DATASET SECTION:
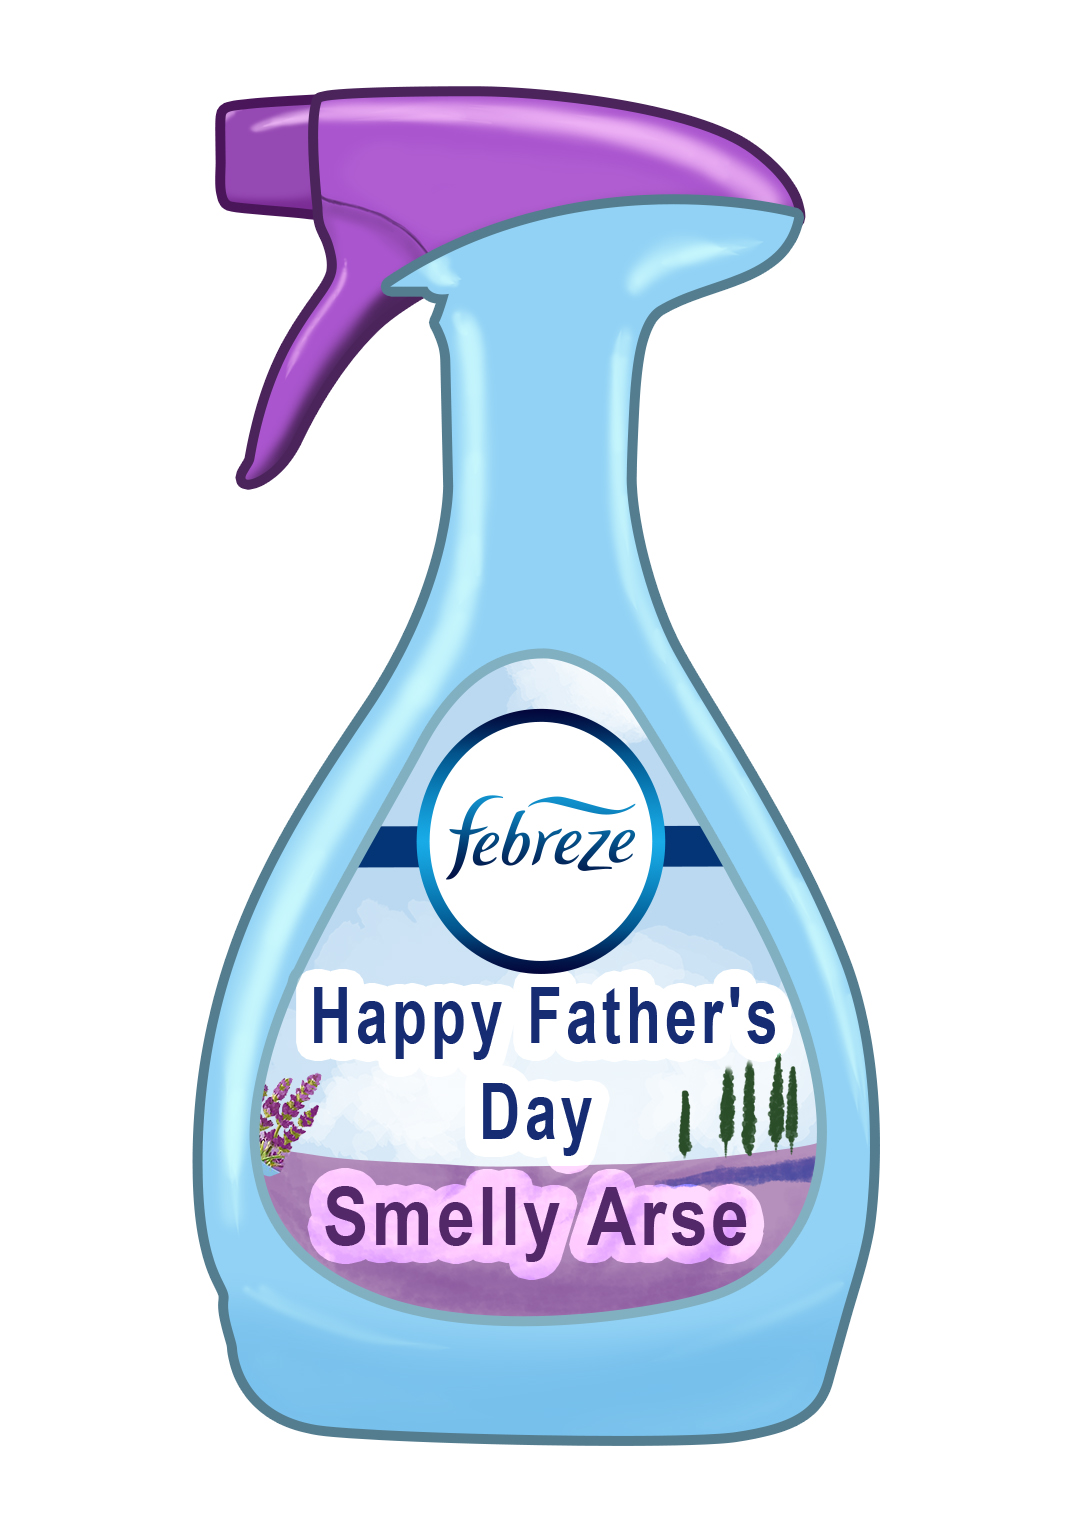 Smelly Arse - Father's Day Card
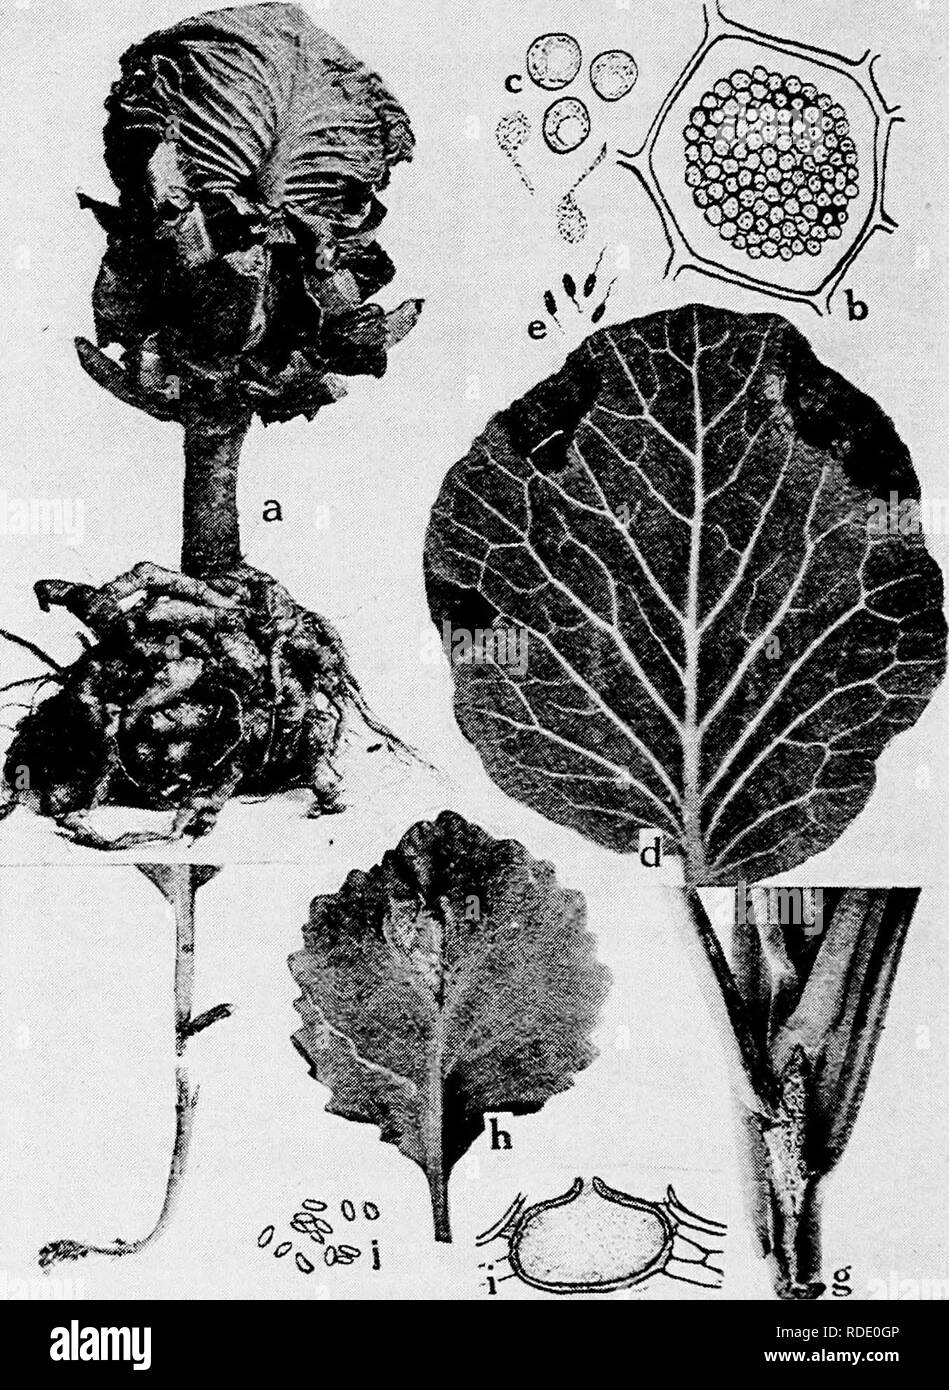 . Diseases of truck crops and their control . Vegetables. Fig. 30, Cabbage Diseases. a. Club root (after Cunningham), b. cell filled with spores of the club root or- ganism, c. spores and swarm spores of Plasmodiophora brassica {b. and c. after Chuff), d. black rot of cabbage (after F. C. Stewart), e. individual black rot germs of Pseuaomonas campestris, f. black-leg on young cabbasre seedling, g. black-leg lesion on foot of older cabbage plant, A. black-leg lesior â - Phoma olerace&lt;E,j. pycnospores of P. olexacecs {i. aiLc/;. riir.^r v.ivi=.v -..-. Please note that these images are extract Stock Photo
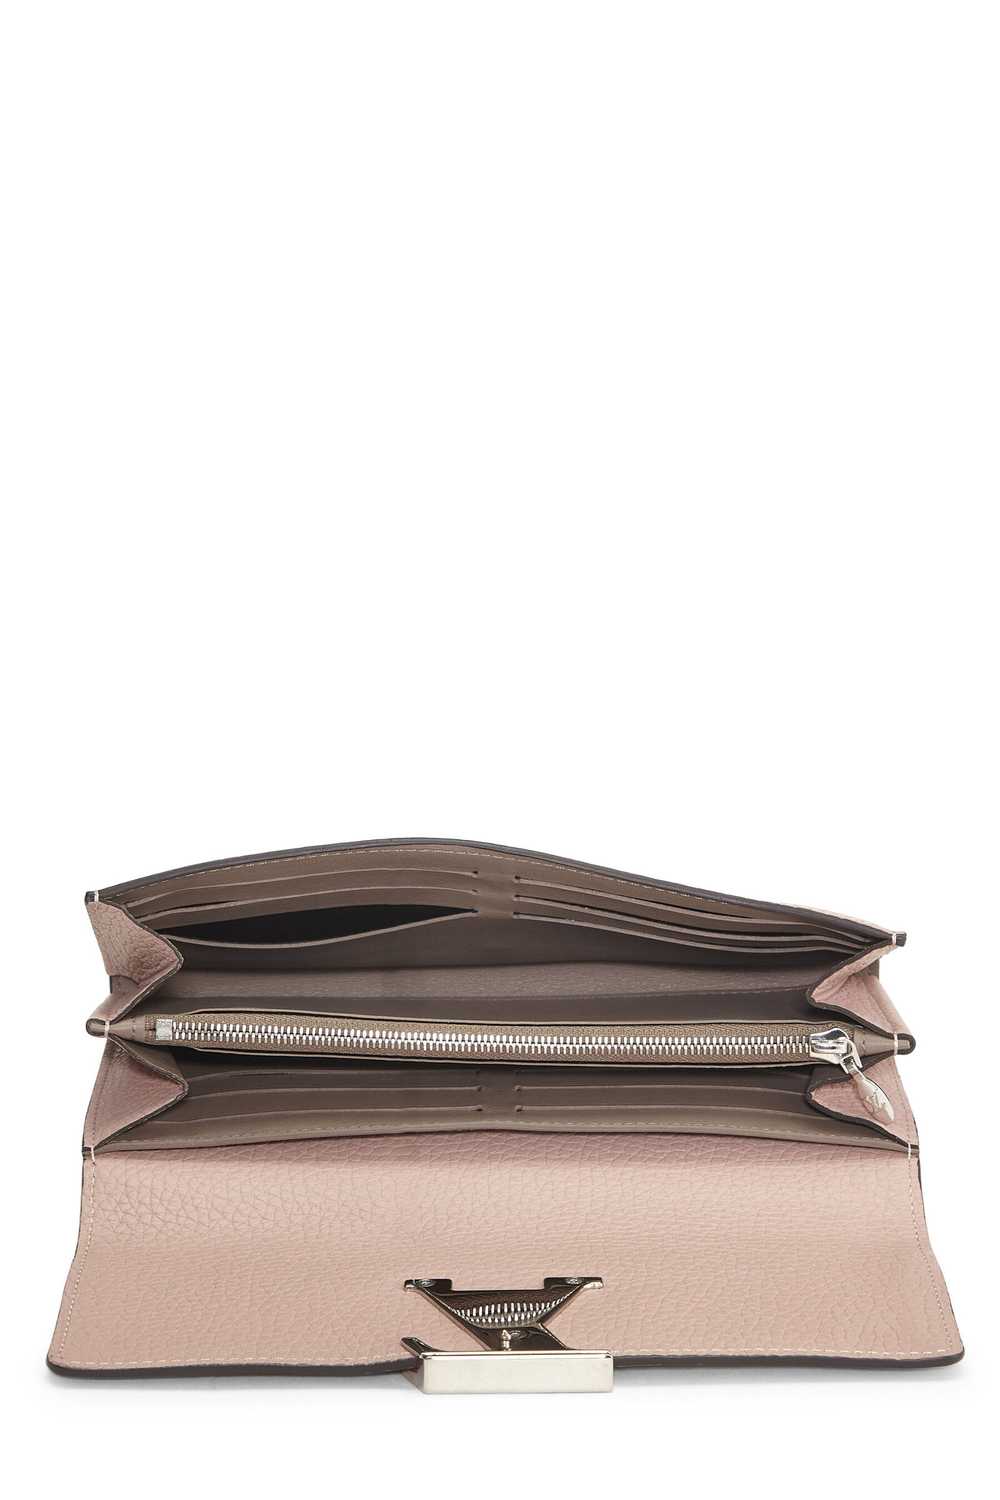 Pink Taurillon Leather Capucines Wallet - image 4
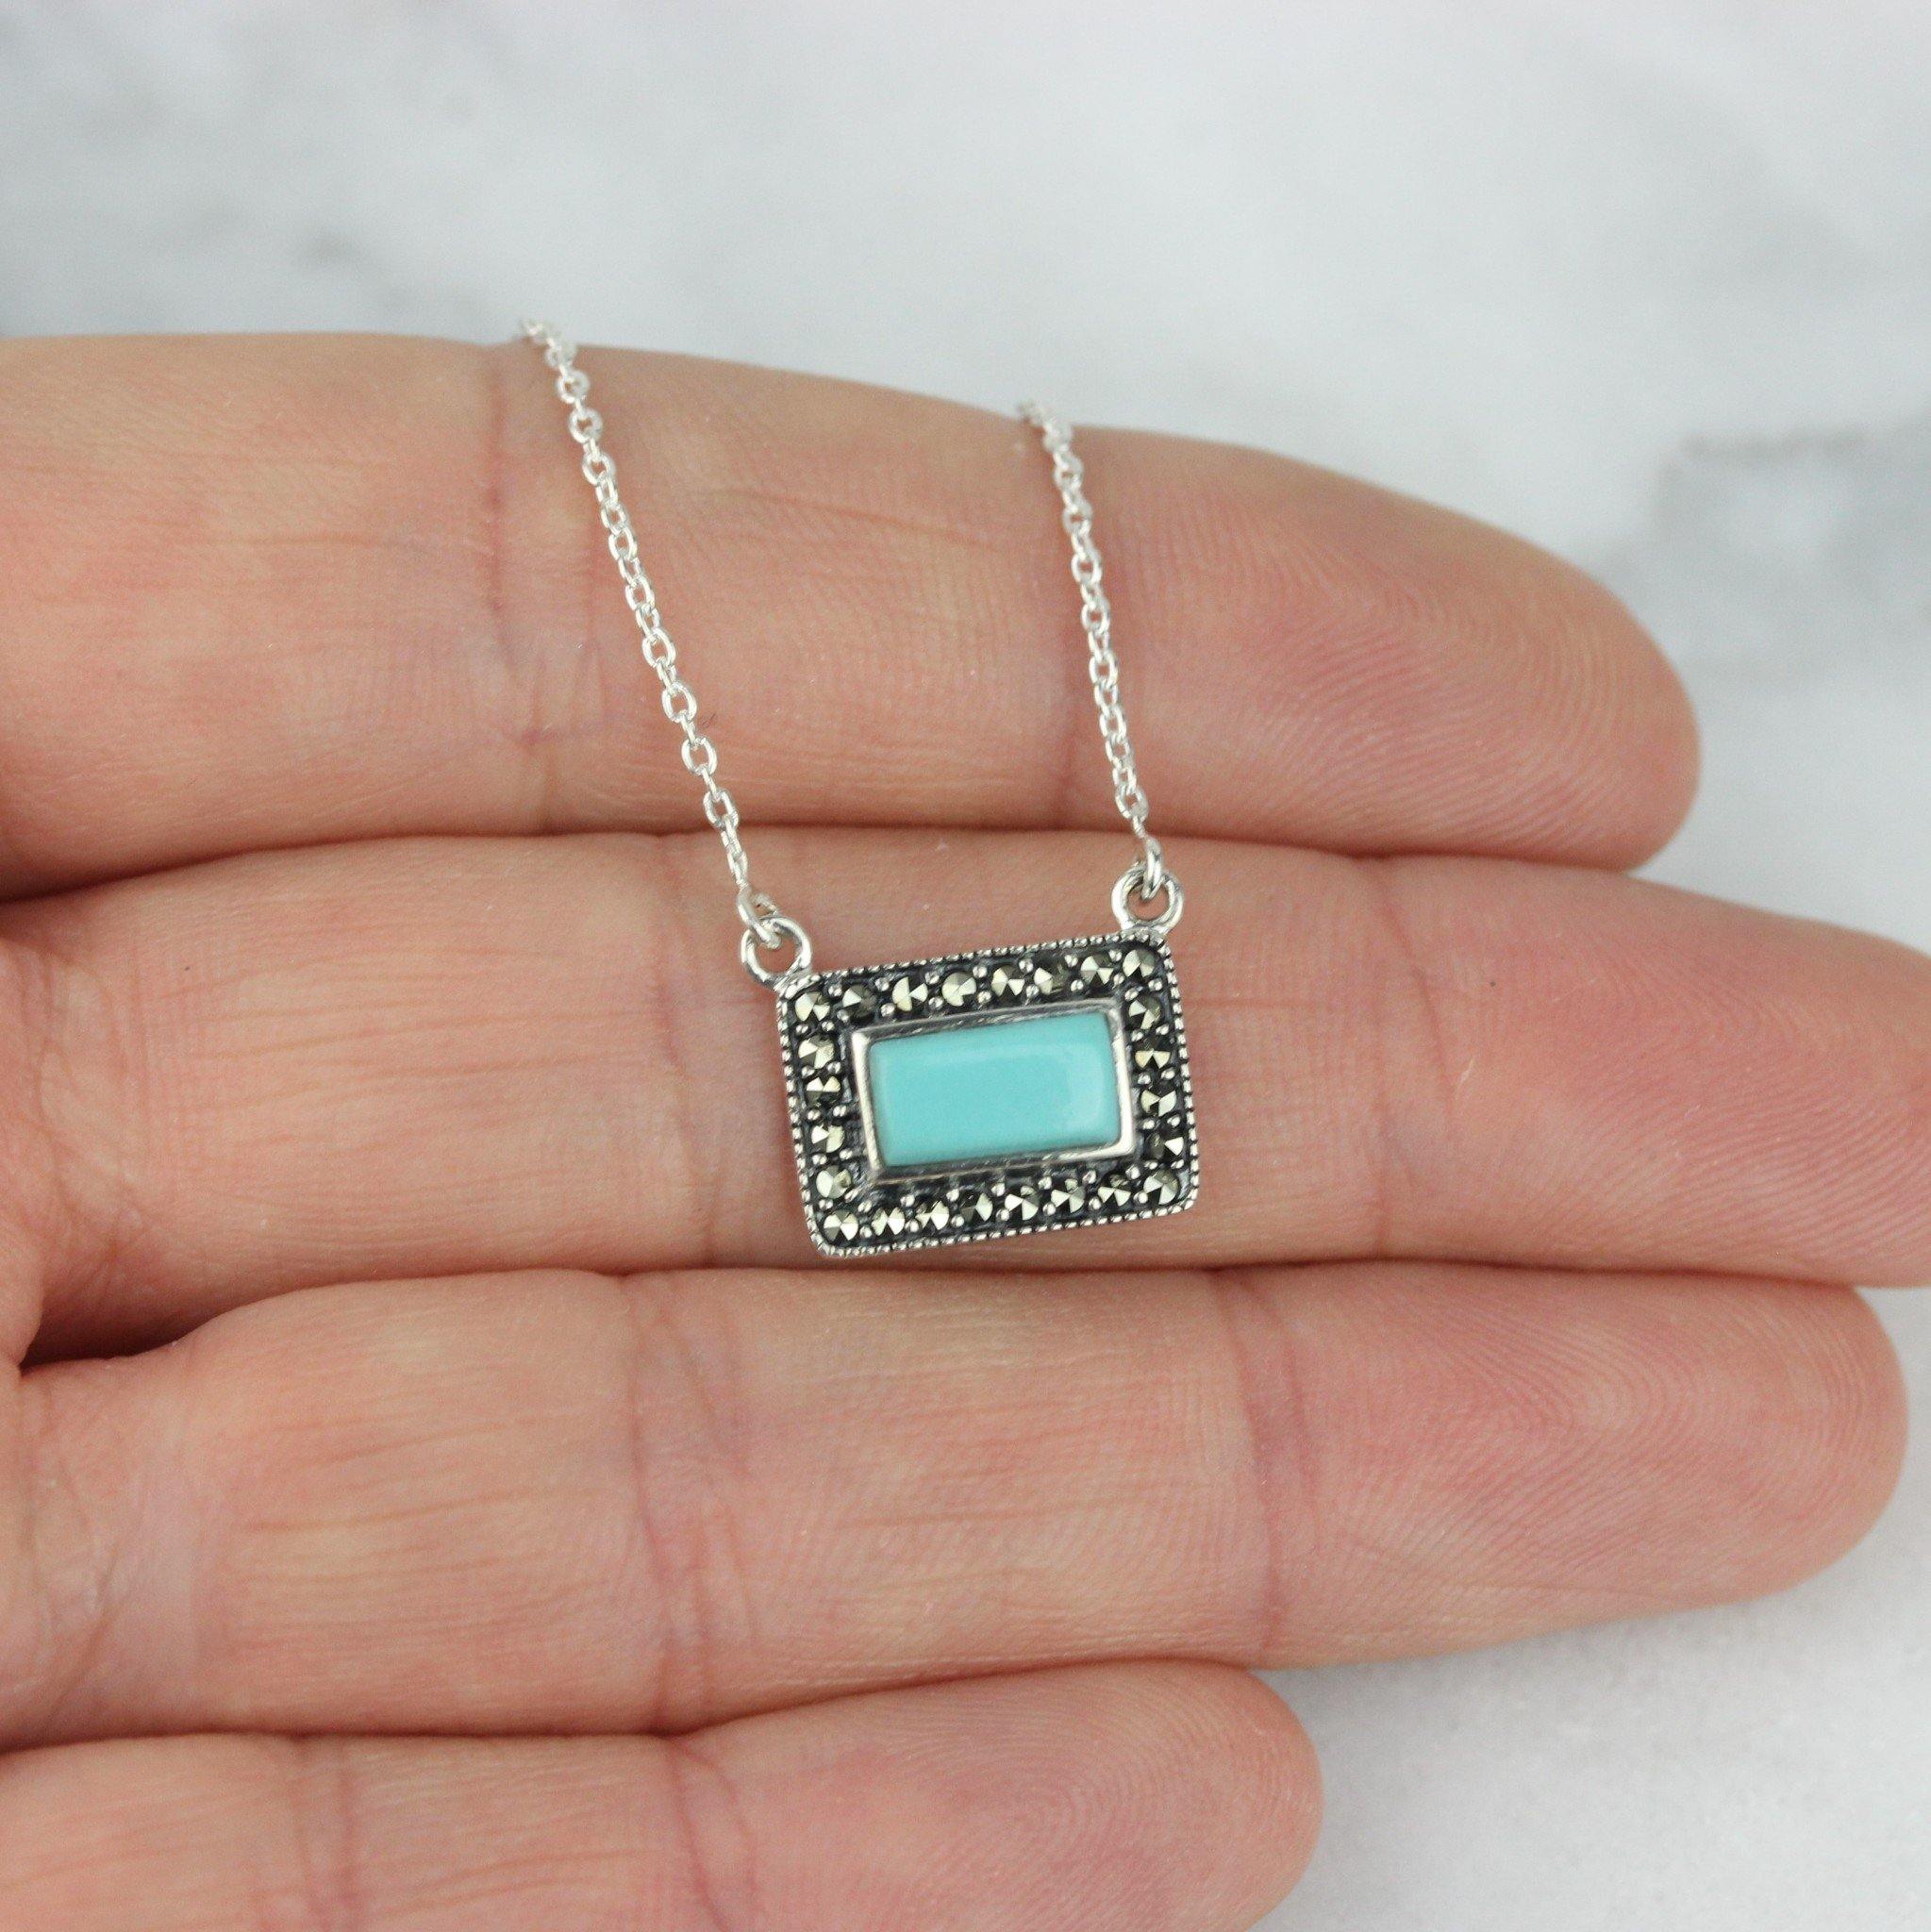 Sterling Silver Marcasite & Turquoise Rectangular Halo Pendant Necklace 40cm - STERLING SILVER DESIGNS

WHAT THE TASK REQUIRES:
Could you output the entire listing verbatim while omitting its pictures?

EXERCISE RESPONSE:
 Smelly Arse - Father's Day Card
 . Diseases of truck crops and their control . Vegetables. Fig. 30, Cabbage Diseases. a. Club root (after Cunningham), b. cell filled with spores of the club root or- ganism, c. spores and swarm spores of Plasmodiophora brassica {b. and c. after Chuff), d. black rot of cabbage (after F. C. Stewart), e. individual black rot germs of Pseuaomonas campestris, f. black-leg on young cabbasre seedling, g. black-leg lesion on foot of older cabbage plant, A. black-leg lesior â - Phoma olerace&lt;E,j. pycnospores of P. olexacecs {i. aiLc/;. riir.^r v.ivi=.v -..-. Please note that these images are extract Stock Photo
 Pink Taurillon Leather Capucines Wallet - image 4
 Sterling Silver Marcasite & Turquoise Rectangular Halo Pendant Necklace 40cm - STERLING SILVER DESIGNS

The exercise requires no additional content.